Despite the clear tax benefits, there are some details worth considering, McClanahan said. Most importantly, the accounts are meant to be used, eventually. “If you die owning your HSA and it’s worth a lot of money, the person who’s a beneficiary has to take all that money out in one year,” potentially saddling adult children with big tax bills, she said. “You want to make sure that you and your spouse use it up before you die.” Another nuance is about direct primary care, or subscription-based medicine, which is a useful option for people who have high deductible health plans or catastrophic coverage. Starting this year, HSA money can be used for monthly direct primary care fees, thanks to a provision in the One Big Beautiful Bill Act. However, such care cannot exceed $150 per month for an individual or $300 for a family. If the service costs more than that, the HSA isn’t eligible to pay for any of it, McClanahan noted. 

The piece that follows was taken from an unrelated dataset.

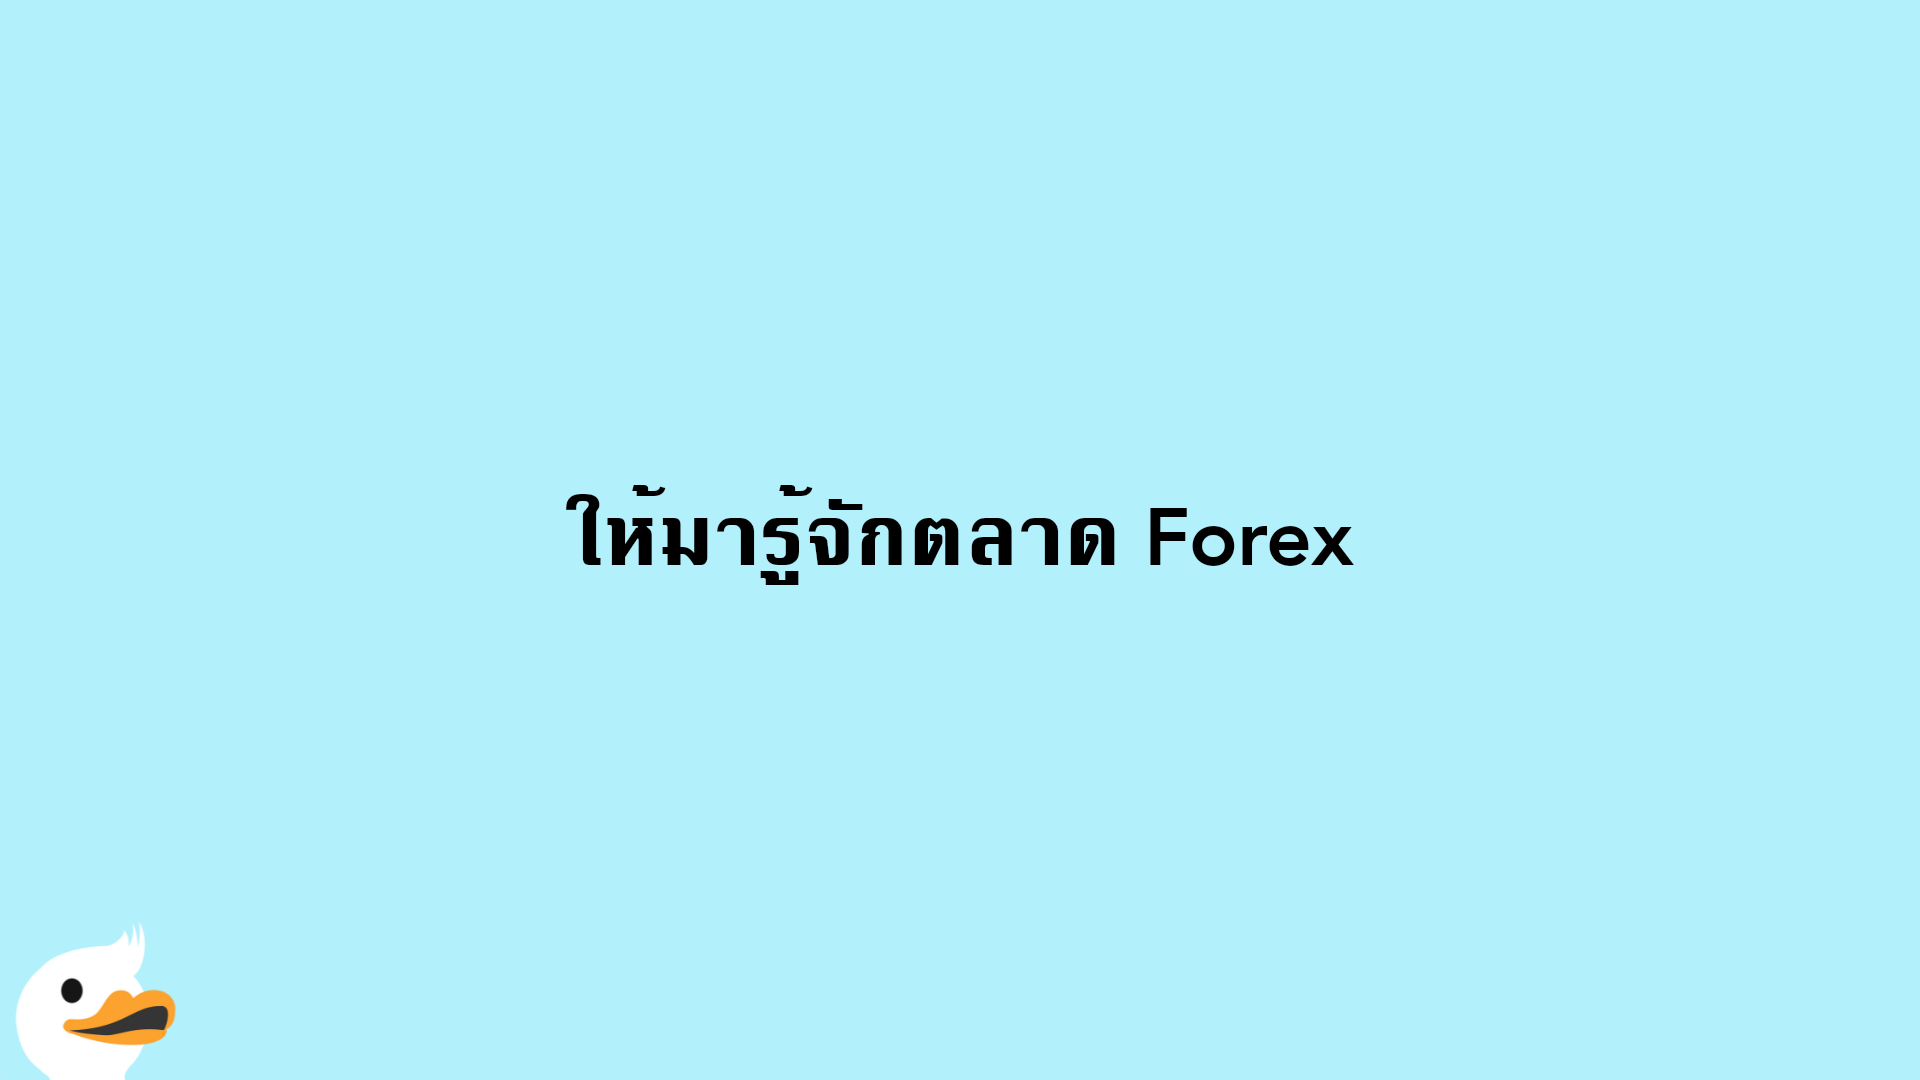 ให้มารู้จักตลาด Forex

As HSAs have grown in size and number, the transparency and fees associated with them have improved, according to a report last year from Morningstar. Still, the industry could do better, particularly as some providers charge maintenance fees or have account minimums, and most offer paltry interest rates on spending account balances, the report noted. 

A few stand out for above-average ratings for both investing and spending accounts, per Morningstar:

  • Fidelity, which was rated highest in both categories.
  • HealthEquity, which was among the leaders in those areas.
  • HSA Bank was also notable, followed by Saturna.

Long Term Care. A potential shining spot for HSAs is their applicability to long-term care, where costs have increased faster than inflation, and insurance coverage and premiums have worsened. “Traditional long-term care [coverage] is a tough sell,” said Marguerita Cheng, CEO of Blue Ocean Global Wealth. “You don’t know if you’re going to need it, and the premiums can increase.” That can be important for clients in their 60s, who may still be working and have millennial children who still need some assistance, she noted. And those clients may have had experience with long-term care for their own parents, she said. Something she points out for them are the IRS’s maximum tax-deductible limits for long-term care insurance, which currently range from $500 for someone 40 or younger to $6,200 for someone 71 or older. “For the amount left over, that’s where HSA money can be helpful,” Cheng said.